*** Opening Exercise data ***

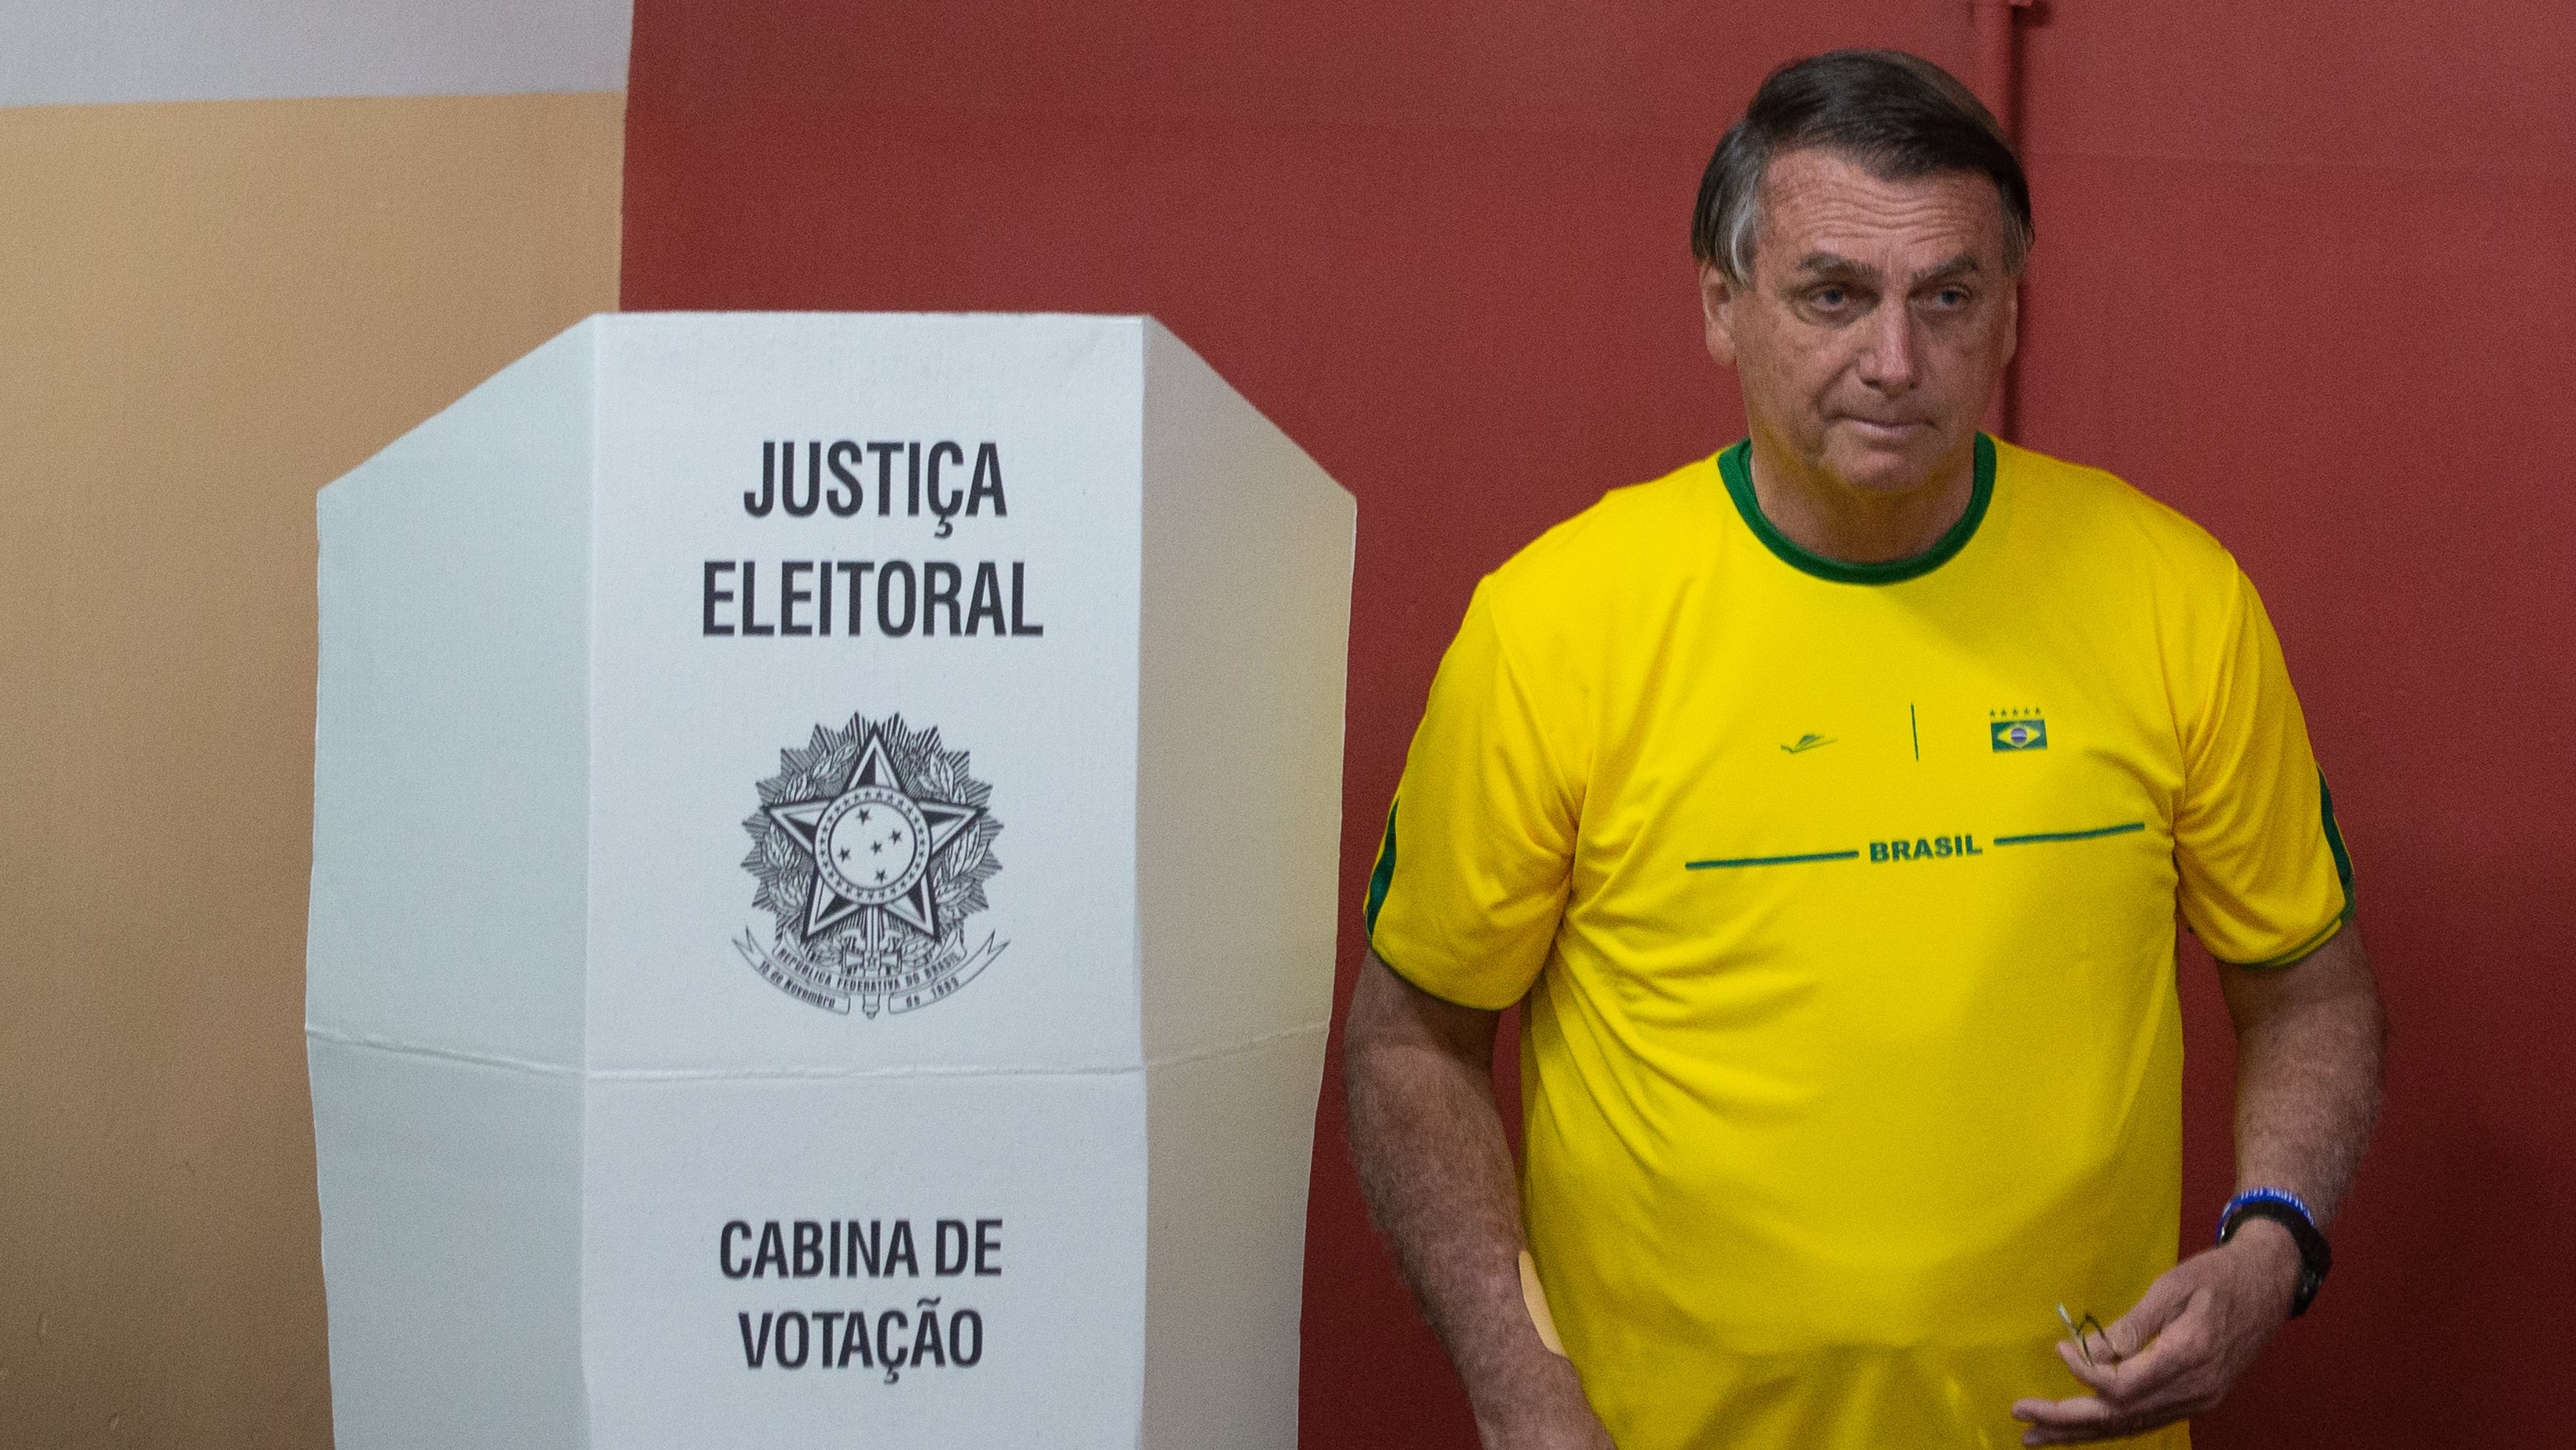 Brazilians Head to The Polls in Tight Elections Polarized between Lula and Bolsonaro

*** Closing Exercise data ***
*** Opening Exercise data ***

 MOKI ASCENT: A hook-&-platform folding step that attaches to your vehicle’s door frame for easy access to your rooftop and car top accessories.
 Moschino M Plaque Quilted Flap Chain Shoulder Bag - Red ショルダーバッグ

*** Closing Exercise data ***

> [Problem to work on]: Your answer must be the lines above from the one containing "MOKI ASCENT: A" to the one containing "Moschino M Plaque", both included, restated word for word.

> [Finished task]:
 MOKI ASCENT: A hook-&-platform folding step that attaches to your vehicle’s door frame for easy access to your rooftop and car top accessories.
 Moschino M Plaque Quilted Flap Chain Shoulder Bag - Red ショルダーバッグ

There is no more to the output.